É assim que os cearenses chamam a cidade de Cid Gomes, o ex-escoteiro socialista que implantou no sertão uma amostra do american way of life
Leonardo Coutinho, de Sobral
Fotos Manoel Marques |
Paris e Nova York Sob inspiração francesa, Sobral ergueu seu arco do triunfo. Agora, usa ônibus escolares americanos e incentiva a prática do beisebol |
Encravada no sertão cearense, a cidade de Sobral cultiva estrangeirices com tal entusiasmo que passou a ser conhecida no resto do estado pelo título desta reportagem: "The United States of Sobral". Lá, circulam ônibus escolares americanos (originais), que, além de serem amarelos como os que se veem nos filmes, ainda trazem a inscrição em inglês: School Bus. Lá, pratica-se beisebol – ou uma versão rudimentar do jogo, segundo a confederação brasileira desse esporte. Lá, o Kentucky Derby, uma das mais tradicionais competições do circuito do turfe dos Estados Unidos, inspirou a criação do Derby Club Sobralense. A diferença é que, sob o sol do agreste, os jóqueis treinam com calção de futebol. Lá, a população apelidou o parque da cidade de "Central Park", parodiando seu congênere nova-iorquino. A veia, digamos, cosmopolita de Sobral não é nova, mas ganhou força entre 1997 e 2004, quando a cidade foi administrada por Cid Gomes, do PSB, o atual governador do Ceará. Desde então, já há quem veja semelhanças entre o Rio Acaraú, que corta a cidade, e o Hudson, que banha Nova York.

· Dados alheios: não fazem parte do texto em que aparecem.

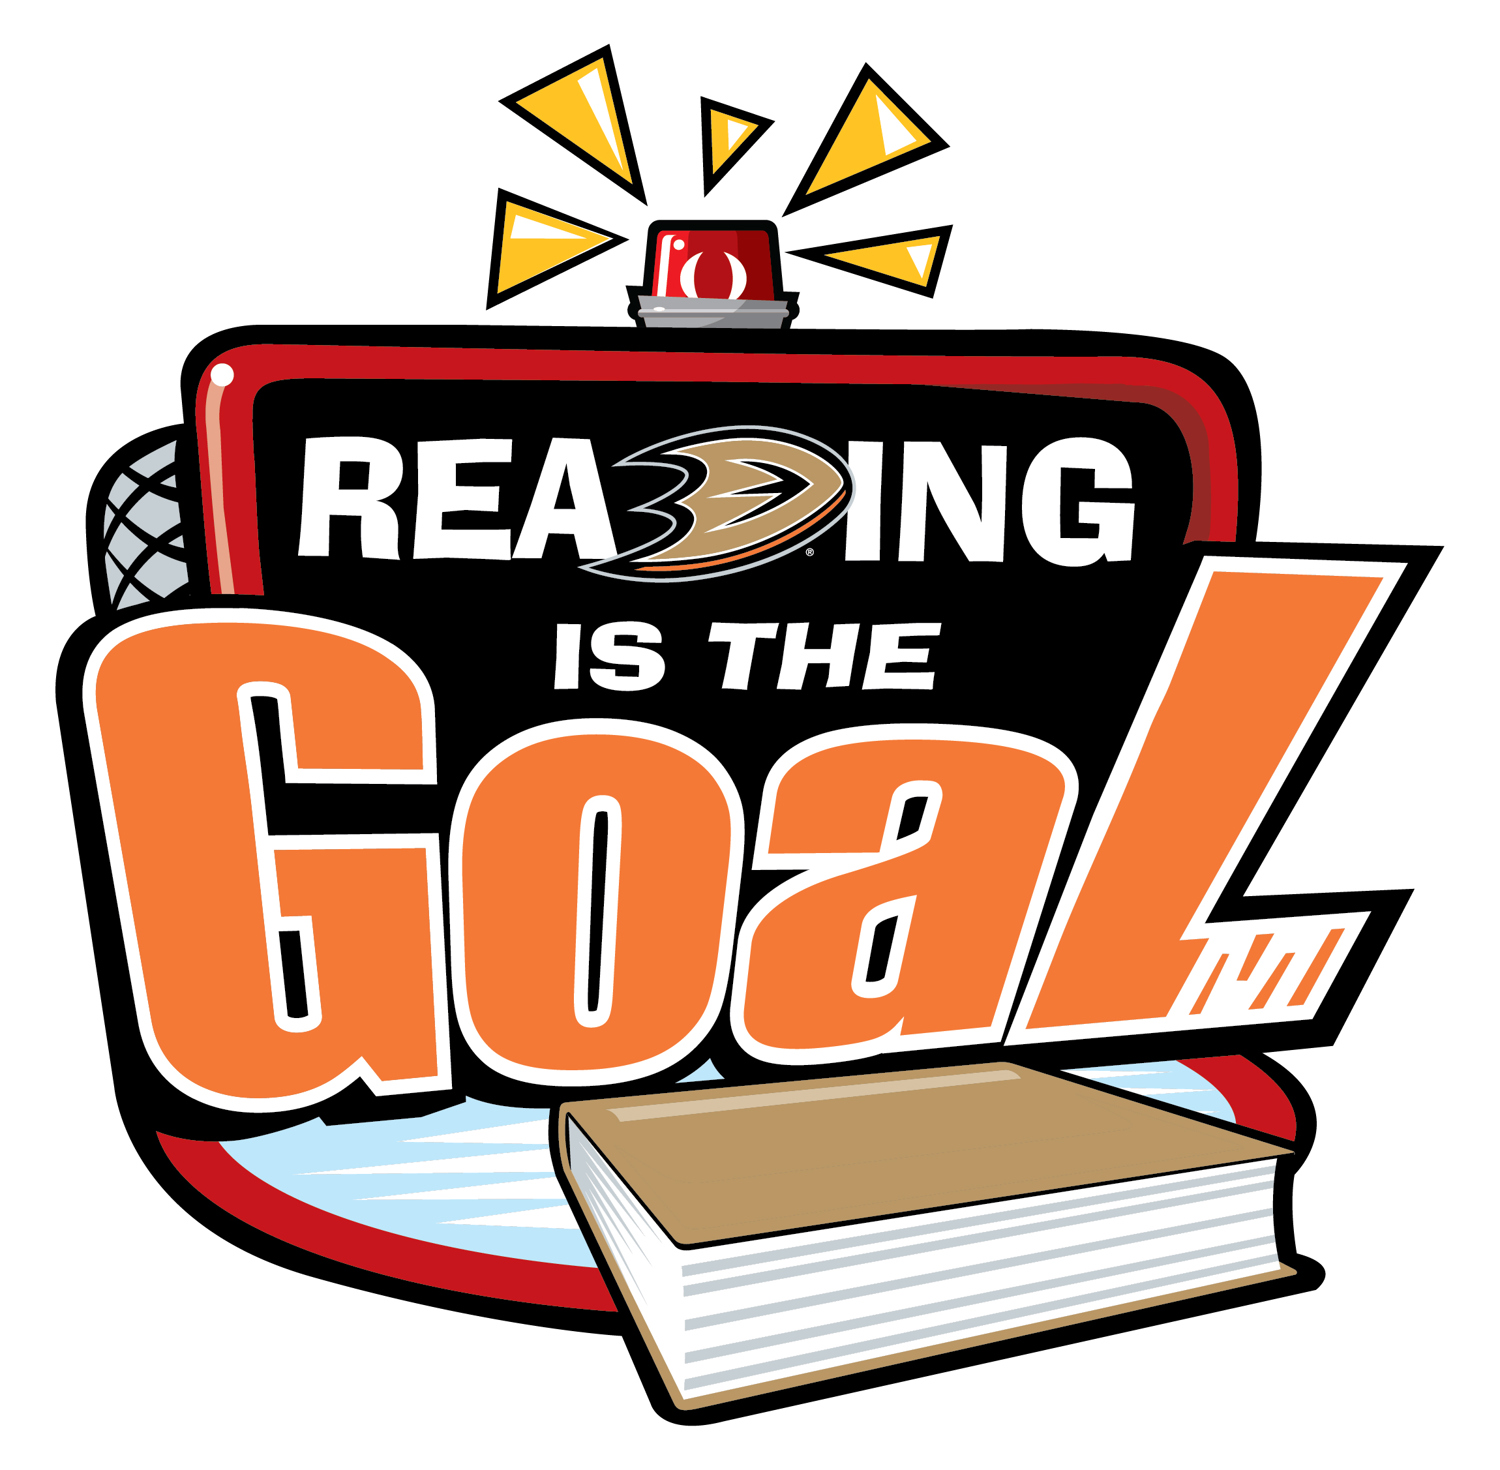 Reading is the GOAL logo

Antes de Gomes, a cidade mimetizava europeísmos, por obra e graça (muita graça) de um bispo que mandou e desmandou naquelas bandas durante a primeira metade do século XX: dom José Tupynambá da Frota. Ele queria conferir a Sobral um ar francês e, entre outros lampejos geniais, teve a ideia de homenagear Nossa Senhora de Fátima com um monumento inspirado no Arco do Triunfo, erguido em Paris por Napoleão Bonaparte, para comemorar suas vitórias militares. O monumento está localizado na Avenida Boulevard do Arco. Como tem bares e restaurantes, os sobralenses fazem uma associação imediata. "Ela lembra a Champs-Elysées de Paris", diz o colunista social Arnaud Cavalcante. Sob o domínio do socialista Cid Gomes, Sobral passou a se espelhar nos Estados Unidos. Ele começou a imaginar a aparência globalizada de Sobral em 1996, ainda na condição de deputado estadual. Escalado pela assembleia cearense para a árdua tarefa de fazer um périplo pelas câmaras legislativas americanas, Cid voltou dos Estados Unidos cheio de projetos. No ano seguinte, ao assumir a prefeitura, passou a pô-los em prática.

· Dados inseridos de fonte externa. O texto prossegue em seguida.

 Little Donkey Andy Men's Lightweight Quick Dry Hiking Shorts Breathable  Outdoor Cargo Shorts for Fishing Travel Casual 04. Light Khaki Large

Seu irmão mais velho, Ciro Gomes, ajudou-o a dar os primeiros passos na americanização de Sobral. Em 1998, Ciro, que frequentou um curso de inglês básico na Universidade Harvard, convenceu uma fundação a doar 36 school buses usados para a prefeitura do irmão. O município precisou arcar somente com o frete dos veículos. Pena que houve um inconveniente: no Ceará, não existem peças nem mecânicos especializados para esse tipo de ônibus. Por isso, eles foram sendo encostados à medida que precisavam de manutenção. Dos 36 ônibus, só três ainda estão em circulação. Numa boa iniciativa, inspirada pelo empenho acadêmico do irmão mais velho, o então prefeito Cid resolveu que daria proficiência em inglês aos alunos das escolas públicas. Para tanto, instalou o Palácio de Ciências e Línguas Estrangeiras em um casarão neoclássico onde funcionou aquele que foi o clube mais elegante da cidade, o Palace. Construiu também um museu em memória da missão de cientistas ingleses que foi a Sobral em 1919, para tentar comprovar a teoria da relatividade por meio da observação de um eclipse. Hoje, o prédio abriga um relativamente bom observatório astronômico.
Sob a influência de Cid, a cidade foi adotando costumes de climas temperados. A 27 quilômetros do centro, a Serra da Meruoca, um maciço rochoso de 920 metros de altura, sofisticou-se. Em casas com lareira, os ricos aproveitam temperaturas que dizem ser 15 graus mais baixas do que a média de Sobral (30 graus), para usar seus casacos elegantes – um deles, como não poderia deixar de ser, é Cid. Nos restaurantes da Meruoca, saboreiam-se fondues, sopas e chocolate quente. E um festival de inverno oferece atividades culturais aos turistas. É a Aspen do Ceará.
Fotos Manoel Marques |
Paisagem globalizada |
No fim de sua gestão como prefeito, Cid patrocinou três equipes de beisebol e prometeu construir um campo exclusivo para a prática do esporte nas margens do Acaraú – que jamais saiu do papel. "Mas, quando ele era prefeito, nós tinhamos prioridade para usar o campo de futebol", pondera Reinaldo Marques Filho, treinador de todos os times de beisebol locais. Marques Filho é amigo de Cid desde a infância, quando eles viviam sempre alertas como escoteiros.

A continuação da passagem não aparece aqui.